Quanz praises Balanchine’s range: “Balanchine made Theme and Variations, a classical ballet with Tchaikovsky music, which premiered a year after Four Temperaments, a black-and-white ballet to a commissioned score, the most modern possible, by Hindemith. Then there’s Slaughter on Tenth Avenue [to music by Richard Rodgers, and originally part of a musical, On Your Toes].”
Today, at 35 years old, Quanz continues to hone and define his own aesthetic territory. That includes narrative ballets like Charlies Kreuzfahrt, Le Papillon, Rodin/Claudel and the period whodunit spoof, Murder Afoot, for Q Dance’s 2013 home season, which is filled with iconic ballet references. But even his more abstract works have a hint of story. “Rather than just movement for the sake of movement, Peter is really interested in exploring emotions, which adds depth,” André Lewis says. “In Luminous, for instance, which is plotless, there are connections between people, as well as between movements, and all those connections mean the difference between something having real quality and being just average.”

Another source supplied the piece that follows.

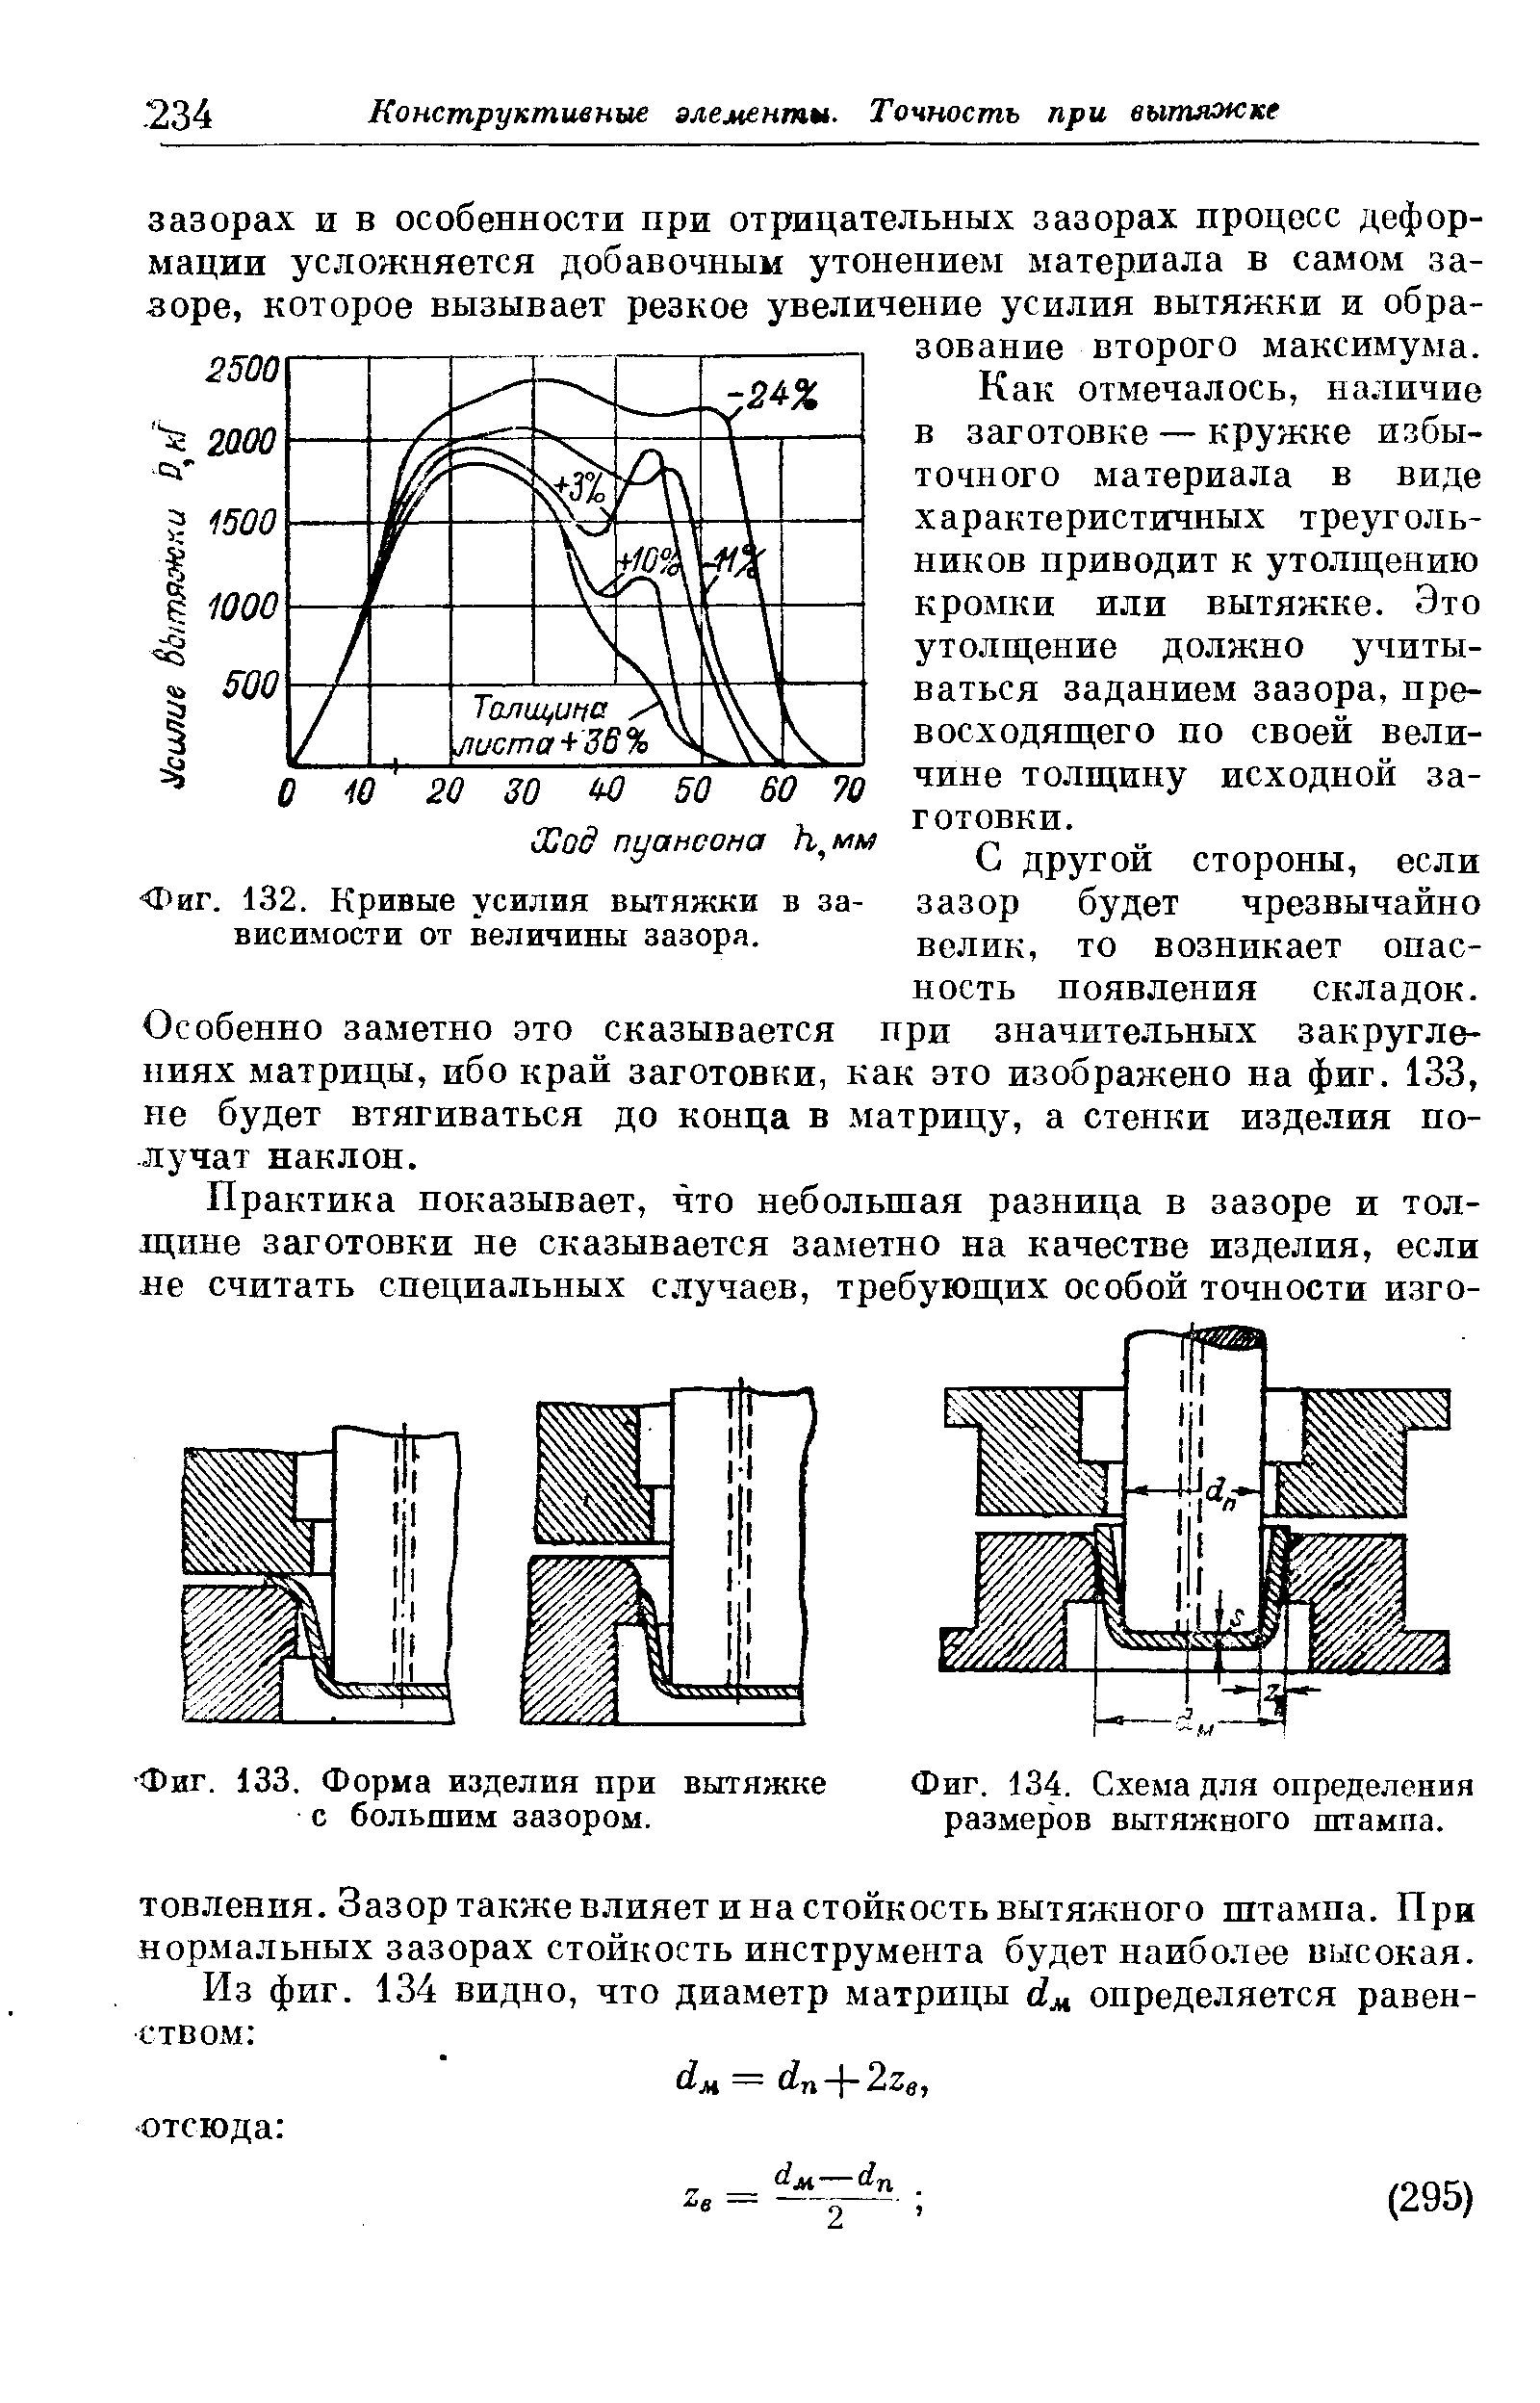 Фиг. 134. Схема для определения размеров вытяжного штампа.

Luminous is one of three Quanz ballets Lewis has remounted on the Royal Winnipeg Ballet. In June, the RWB will present another Q Dance mixed bill, this time at the mid-size, 800-seat Manitoba Theatre Centre. For the evening, Quanz commissioned Gabrielle Lamb, the Savannah, Georgia-born recipient of the Banff Centre’s 2014 Clifford E. Lee Choreographic Award. Lamb danced a principal role when Les Grands Ballets Canadiens remounted Quanz’s Kaleidoscope,and, he explains, “We hit it off well. Now she’s living in New York and doing a lot of choreography.”
Quanz will remount his 2013 Q Dance work Untitled, which explores trust and betrayal in a close-knit community. It’s inspired by a story he heard while working in Chemnitz about an artist whose wife, unknown to him, was a member of the Stasi, the East German secret police, and provided reports on his activities. The piece is called Untitled because, he explains, there is no word to describe such an act of betrayal.
Alert to his responsibilities as the artistic director of Q Dance to provide a range of ballets to the loyal audience he hopes to build over the long term, he plans on making another very contrasting piece for the bill. “For the new work,” Quanz says thoughtfully, “I think I need to do something bright and fun.”